I don't know if anyone is currently running the latest version of AlliGate
(formerly known as SpamManager) for Declude/IMail, but I have been running
if for the last week or so, and it has a bunch of new features and spam
tests that have greatly increased it's ability to flag spam.

The discussion about excess HTML tags (fake or legit) in e-mail messages may
benefit from a couple of the new tests incorporated into AlliGate.  One of
these tests helps to detect e-mail messages that have a large html to text
ratio.  Here is the pertinent part of the AlliGate manual that explains how
this test works:

Many messages have HTML formatting to make them more interesting and
readable by the end user. Of course, this includes spam as well. Some spam
messages have a higher degree of HTML specific tags and content than other
non-spam messages. SpamManager calculates the ratio of HTML related content
to actual, readable, text and a percentage is calculated. Our research
indicates that as the percentage of HTML/text reached values in excess of
55%, the likelihood of the message being spam increases. This is a
sliding-scale test and the penalty increases as the ratio increases above
the base percentage. The base percentage can be adjusted to suit your needs.

As well as a compression test that works pretty slick:

Many spam messages contain text that is repeated numerous times, such as
repeating HTML tags and URL's. This means that when applying a compression
algorithm to the message, much like is done with ZIP files, that the more a
message can be compressed, the more likely it is to be spam. SpamManager
applies a fast, low overhead, proprietary compression technique that is
optimized for text messages and calculates the amount of compression
achieved. Our research has shown that as a message's compression increases
above 40%, so does its probability of being spam. This is a sliding-scale
test and the penalty increases as the amount of compression increases above
the base percentage.

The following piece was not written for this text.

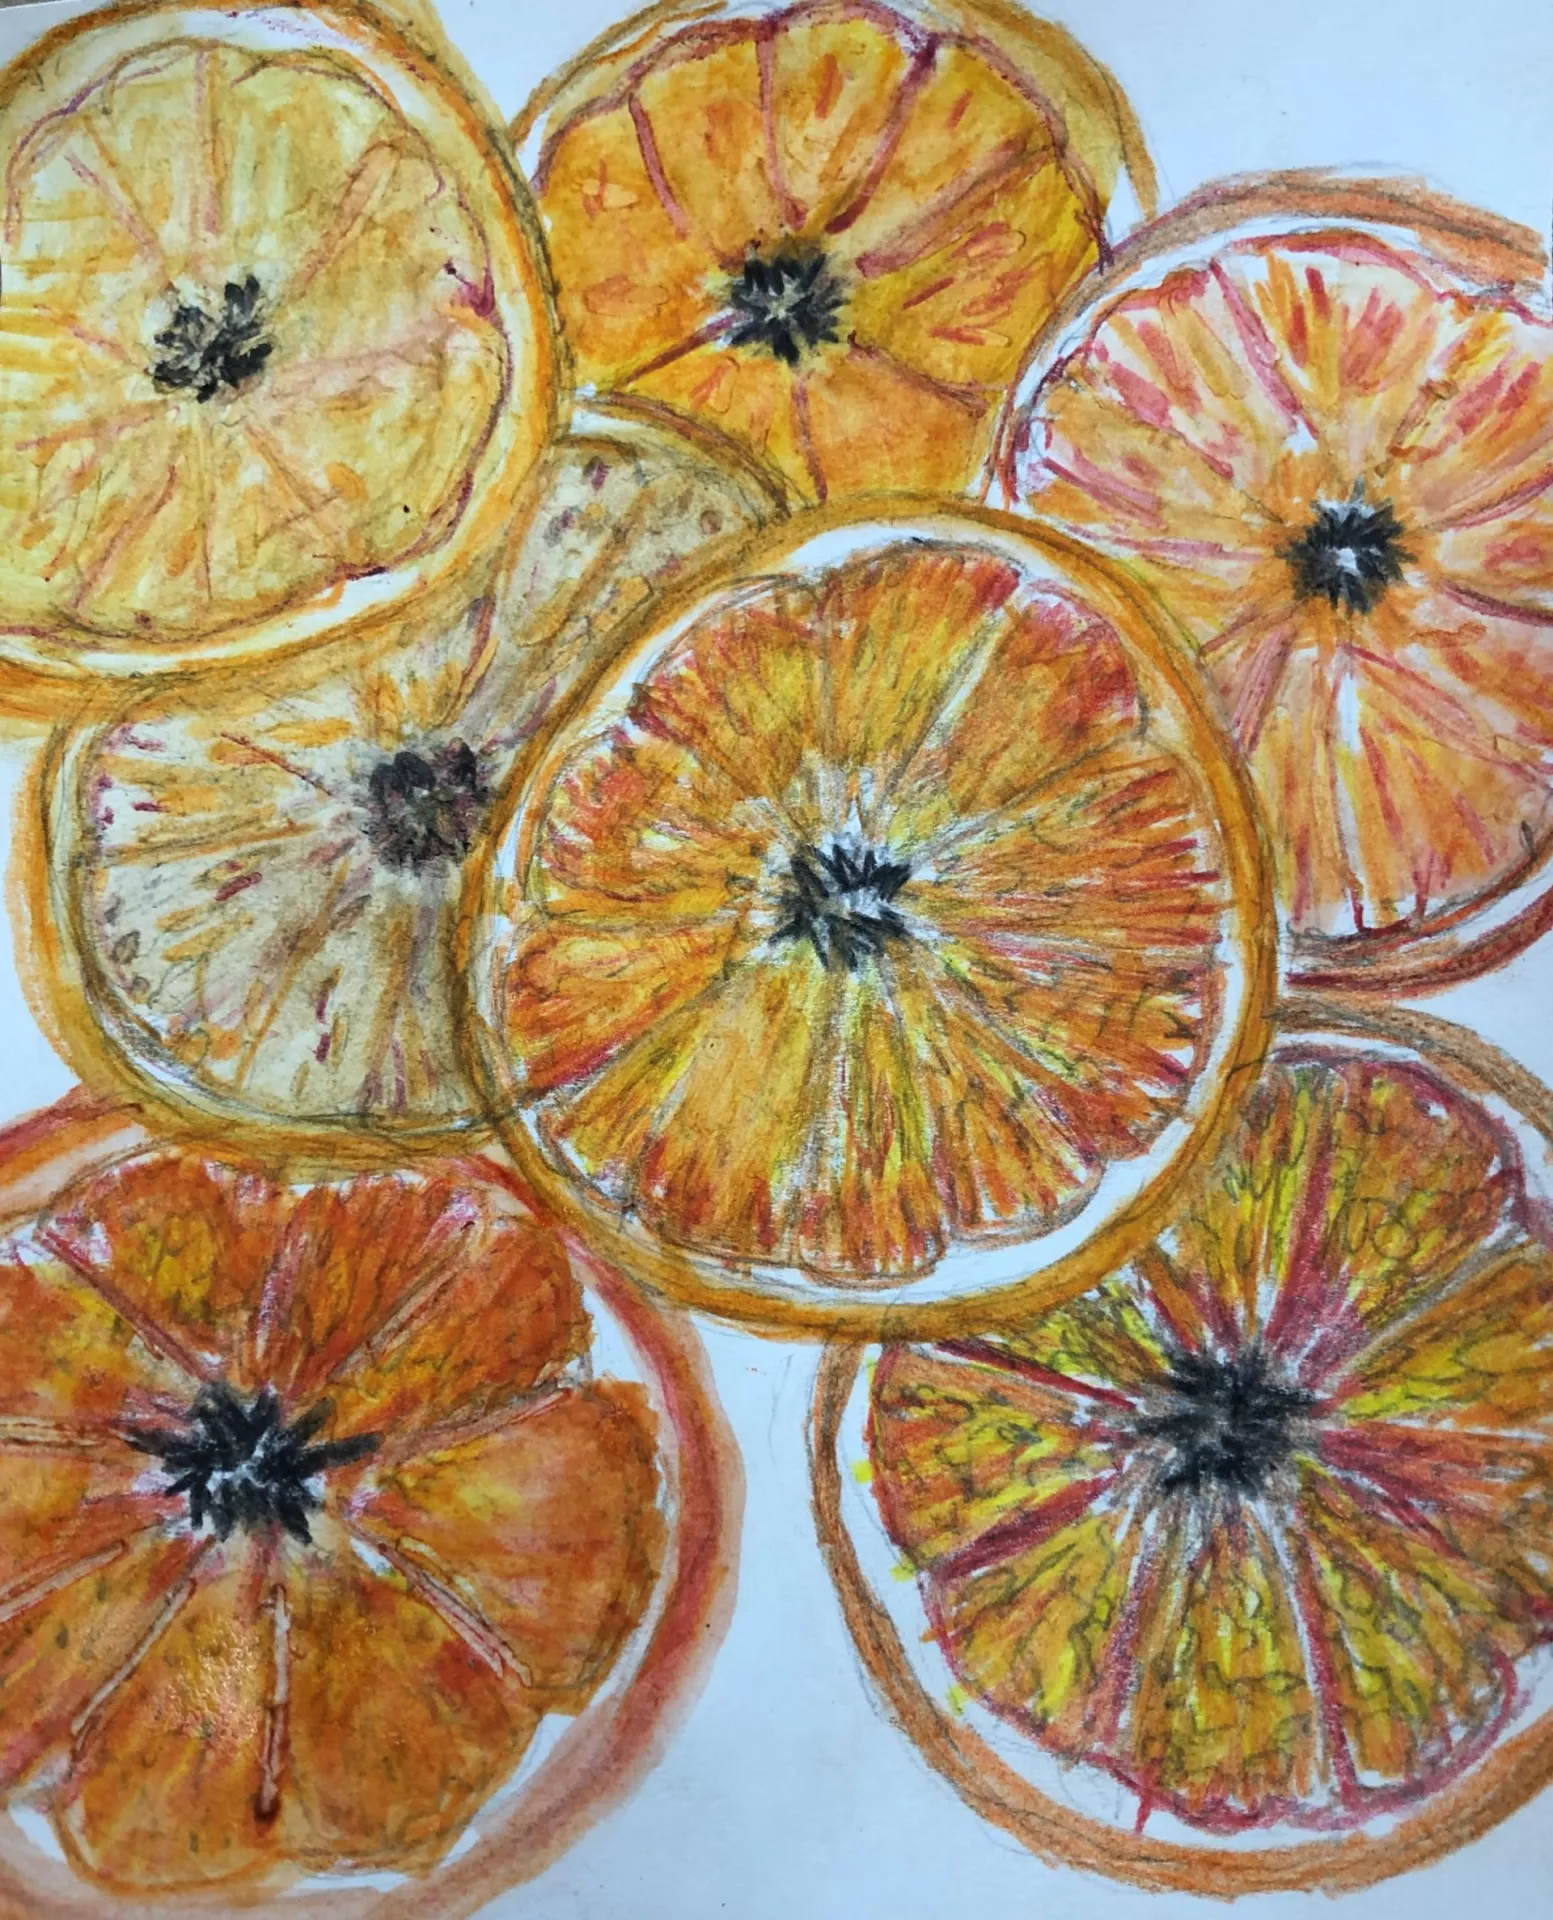 This piece is a watercolor pencil drawing of 7 overlapping circular slices of various types of oranges, colored in tones of red, orange, and yellow, with the rinds and juicy interior bits of the orange flesh easily seen as a part of each slice.

The base percentage can be adjusted to suit your needs.

These are in addition to about a half dozen other spam tests that have been
added to the release version of AlliGate.  You may want to take a look at
www.alligate.com.  Overall, it has been a very nice additional plug-in to
our Declude/Sniffer/SpamCheck spam filtering system.


----- Original Message ----- 
From: "R. Scott Perry" <[EMAIL PROTECTED]>
Sent: Friday, June 06, 2003 5:07 AM
Subject: Re: [Declude.JunkMail] Request for new/enhanced feature

> >I keep getting mail that slipps through that IMO shouldn't be that
> >hard to catch really...
> <G>
> >They use a variant of the html comments but
> >the way they do it it don't get detected as a mail with to many html
> >comments.
> Correct.  Because if Declude JunkMail were count all the HTML tags, then
> all that Microsoft Word E-mail Garbage (those one line E-mails that turn
> into 10K E-mails) would get caught, and a lot of other legitimate HTML
> E-mail would get caught, too.
> >Below is a snippet of example text inside the html formated e-mail :
> >
> >P<k73ch7b1tddy>en<kqjezab3w79ej>is
> >En<kpv36t91gfs2>larg<ktwn2sd3kn7tq>eme<k63uv4i3njxxc>nt
> >Pi<kxl9qjl2r3ervk>ll On The
> >Ma<k9jgo17u5v244>rke<kth2amv3m1s>t!</font></font></font></b><font
> >face="Arial,Helvetica"></font>
> ><p><font face="Arial,Helvetica">* G<ksfvuh135aju042>ai<kndkb4w1ppwy192>n
> >3<kbq72kb2dv2xsd2>+ Full In<kn46ft9yw8p>ch<kwhb2wy27wls3>es In
> >Leng<ka4vte11x26Leng<ka4vte11x26w>th</font>
> ><br><font face="Arial,Helvetica">* Ex<kcay5sz12le0>pand Your
> >Pe<kt70s753udaio49>nis Up To 20<kh3tfh82ejp1>%
> >
> >Basically remove the <xxxxx> junk and you get the text.
> That's exactly what the latest beta version does, so you can filter on it.
> >Since these are "invalid" html comments most e-mail clients just simply
> >ignore the
> >"comment" text all together since it has the <> around the text.
> Technically, these aren't invalid HTML comments, they are made-up HTML
> (which could be valid in the future).  That's the problem.  The only way
> tell whether a tag is valid or not is to have a database of valid tags,
> which would be very expensive (CPU time, storage space, man-hours to
> the data and update it, false positives, etc.).  If I recall correctly,
> HTML isn't even covered by the RFCs, which makes it more difficult to
> assess the tags.
> >IMO this should also have failed HTMLCOMMENTS  which it did not.
> >So my question.. Would it be possible to add the above "junk" as
> >detected html comment ?
> In this case, we could say "OK, '<k73ch7b1tddy>' is a bogus HTML tag.  And
> '<ksfvuh135aju042>' is a bogus HTML tag.  And...", but a spammer could get
> around that simply by making another fake tag.
> So the only alternatives seem to be either [1] Count all HTML tags and
> catch legitimate E-mail, or [2] Keep a database of HTML tags.
>                                                     -Scott
> ---
> Declude JunkMail: The advanced anti-spam solution for IMail mailservers.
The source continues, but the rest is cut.